» DATA FOR THE TASK:

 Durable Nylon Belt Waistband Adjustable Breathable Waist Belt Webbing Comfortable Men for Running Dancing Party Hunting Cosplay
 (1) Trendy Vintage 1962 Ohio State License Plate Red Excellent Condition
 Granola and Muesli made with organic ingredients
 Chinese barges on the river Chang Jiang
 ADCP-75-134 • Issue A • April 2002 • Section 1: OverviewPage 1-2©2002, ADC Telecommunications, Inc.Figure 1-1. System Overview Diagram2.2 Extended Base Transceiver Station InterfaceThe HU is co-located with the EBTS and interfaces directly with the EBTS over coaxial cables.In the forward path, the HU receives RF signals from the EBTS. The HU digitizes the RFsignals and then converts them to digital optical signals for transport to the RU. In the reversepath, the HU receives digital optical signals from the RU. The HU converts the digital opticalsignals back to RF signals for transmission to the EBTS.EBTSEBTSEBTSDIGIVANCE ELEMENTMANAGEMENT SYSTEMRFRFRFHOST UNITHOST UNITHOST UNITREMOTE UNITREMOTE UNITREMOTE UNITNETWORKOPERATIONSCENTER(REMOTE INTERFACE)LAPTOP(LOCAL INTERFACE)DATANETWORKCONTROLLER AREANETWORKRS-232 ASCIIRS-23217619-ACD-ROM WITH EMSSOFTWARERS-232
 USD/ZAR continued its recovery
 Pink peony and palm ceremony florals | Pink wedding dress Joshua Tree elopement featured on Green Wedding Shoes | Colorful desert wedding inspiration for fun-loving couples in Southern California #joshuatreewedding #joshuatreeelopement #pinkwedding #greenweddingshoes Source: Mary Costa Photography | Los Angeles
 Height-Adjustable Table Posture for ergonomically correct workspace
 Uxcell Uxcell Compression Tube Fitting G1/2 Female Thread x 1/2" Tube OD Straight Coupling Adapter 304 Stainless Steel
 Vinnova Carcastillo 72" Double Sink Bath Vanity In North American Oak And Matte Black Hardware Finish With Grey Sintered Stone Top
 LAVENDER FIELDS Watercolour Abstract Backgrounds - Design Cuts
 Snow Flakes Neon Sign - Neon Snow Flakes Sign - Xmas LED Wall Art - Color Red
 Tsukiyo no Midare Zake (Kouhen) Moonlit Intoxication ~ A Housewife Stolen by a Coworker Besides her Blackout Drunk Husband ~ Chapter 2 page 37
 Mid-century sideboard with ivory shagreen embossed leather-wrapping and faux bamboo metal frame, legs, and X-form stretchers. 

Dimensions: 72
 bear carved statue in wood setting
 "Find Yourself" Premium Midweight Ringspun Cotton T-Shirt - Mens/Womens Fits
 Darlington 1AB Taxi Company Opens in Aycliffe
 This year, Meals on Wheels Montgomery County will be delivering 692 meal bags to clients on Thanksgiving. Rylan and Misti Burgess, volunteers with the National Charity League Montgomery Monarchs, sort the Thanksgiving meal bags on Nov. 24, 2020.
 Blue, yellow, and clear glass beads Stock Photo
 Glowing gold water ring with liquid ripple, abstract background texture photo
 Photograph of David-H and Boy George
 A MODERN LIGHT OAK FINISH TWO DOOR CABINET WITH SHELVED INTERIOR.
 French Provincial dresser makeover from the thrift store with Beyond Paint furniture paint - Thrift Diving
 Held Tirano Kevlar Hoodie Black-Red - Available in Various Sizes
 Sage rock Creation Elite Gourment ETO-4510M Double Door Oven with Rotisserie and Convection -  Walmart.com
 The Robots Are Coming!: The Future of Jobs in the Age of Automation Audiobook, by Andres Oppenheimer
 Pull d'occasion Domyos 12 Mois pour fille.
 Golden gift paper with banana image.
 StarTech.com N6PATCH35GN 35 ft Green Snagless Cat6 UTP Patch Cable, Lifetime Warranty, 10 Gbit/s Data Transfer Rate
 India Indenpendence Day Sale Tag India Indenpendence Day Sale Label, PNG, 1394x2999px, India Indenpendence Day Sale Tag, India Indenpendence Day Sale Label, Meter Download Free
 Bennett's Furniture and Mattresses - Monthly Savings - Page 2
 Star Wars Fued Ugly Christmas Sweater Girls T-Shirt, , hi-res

» YOUR GOAL: Apply a filter to the listing above so that only lines with "Adjustable" are kept, and copy those lines.

» RESULT:
 Durable Nylon Belt Waistband Adjustable Breathable Waist Belt Webbing Comfortable Men for Running Dancing Party Hunting Cosplay
 Height-Adjustable Table Posture for ergonomically correct workspace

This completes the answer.